Емельяна душит смех. Сопровождаемый рыбаками, он с глухим стоном вскакивает на палубу. Здесь ярко светит солнце. Емельян хохочет, стоя у закрытого люка, на котором куча лука насыпана рядом с углем. Потом смолкает и прислушивается к тому, что происходит в буфете. Ермолай наконец заговорил. Он обижен на буфетчика.
— Это, брат, разве дело? — слышен его голос. — Что это ты предлагаешь морскому рыбаку? Мыло для бритья? Ламповое стекло? На кой чорт оно мне? Грызть я его, что ли, стану? Ты мне еще сиропа предложи!
— У нас и сироп есть, — слышится голос буфетчика.
Емельян давится от смеха: бывают же дураки на свете!
— Сироп! — восклицает Ермолай. — Нет, товарищ, сироп ты сам пей! А мне чего-нибудь покрепче выдай!
Наступает молчание. Потом до ушей Емельяна доносится звук извлекаемой штопором пробки и бульканье жидкости в глотке Ермолая.
— А-а! — с наслаждением тянет Ермолай, переводя дух. — А-а!
В эту минуту в буфет входит Емельян и как ни в чем не бывало спрашивает:
— Ну что, Ермолай, купил стекло на лампу?
Рыбаки хохочут, размашисто хлопают друг друга по спинам. Емельян корчится от смеха. Он красен как рак и, кажется, вот-вот лопнет.
— Видали? — обращается он ко всем присутствующим. — Я вам что говорил? А ну-ка, Ермолай, подай сюда ламповое стеклышко, а то оно у тебя словно закоптилось!
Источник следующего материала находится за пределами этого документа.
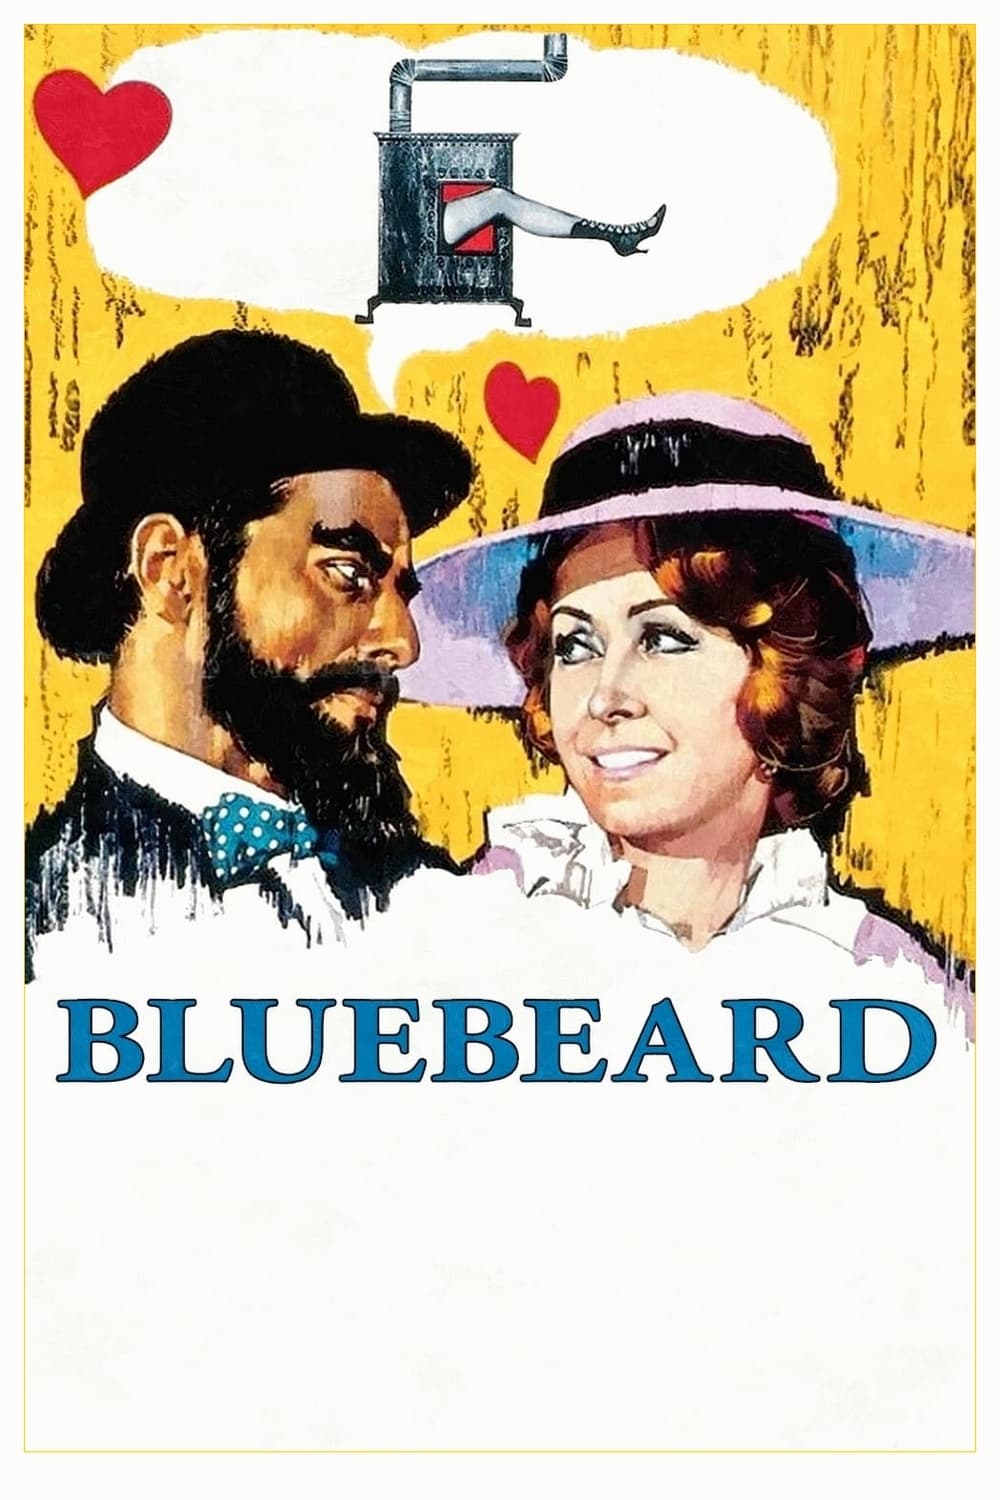 Bluebeard (1963)

Ермолай, приложившись еще раз, послушно подает бутылку.
— А-а! А! — выдыхает он.
XIX
В один из первых же дней, когда бригада Емельяна Романова сдавала улов на пароход, Косма взобрался на палубу и чуть не столкнулся с девушкой в измазанной соусом для маринада спецовке и с волосами, подвязанными красным лоскутом, из-под которого выбивались непокорные русые локоны. Девушка была стройная, с тонкой, осиной талией, туго перехваченной поясом спецовки. У нее были волосы и даже кожа золотистого оттенка, дерзкая, вызывающая улыбка и большие, зеленоватые, глубокие и чистые, как ключевая вода, глаза.
Косма был сразу сражен и как будто поглощен этими глазами, словно он упал за борт в холодную зеленую морскую пучину. С минуту стоял он совершенно растерявшись. Этот пастух, выросший в дебрях камыша, этот ничего еще не видавший в жизни дикарь никогда и не представлял себе, что на свете бывают такие глаза, как у этой восемнадцатилетней девчонки. Глаза эти смотрели на него с удивлением и каким-то безотчетным любопытством. Это продолжалось одно мгновение, потом девушка рассмеялась, повернулась на одном каблуке и побежала дальше, а Косма долго еще не мог прийти в себя, и понадобилось вмешательство Емельяна, чтобы заставить его вернуться к весам, где взвешивали пойманную ими рыбу.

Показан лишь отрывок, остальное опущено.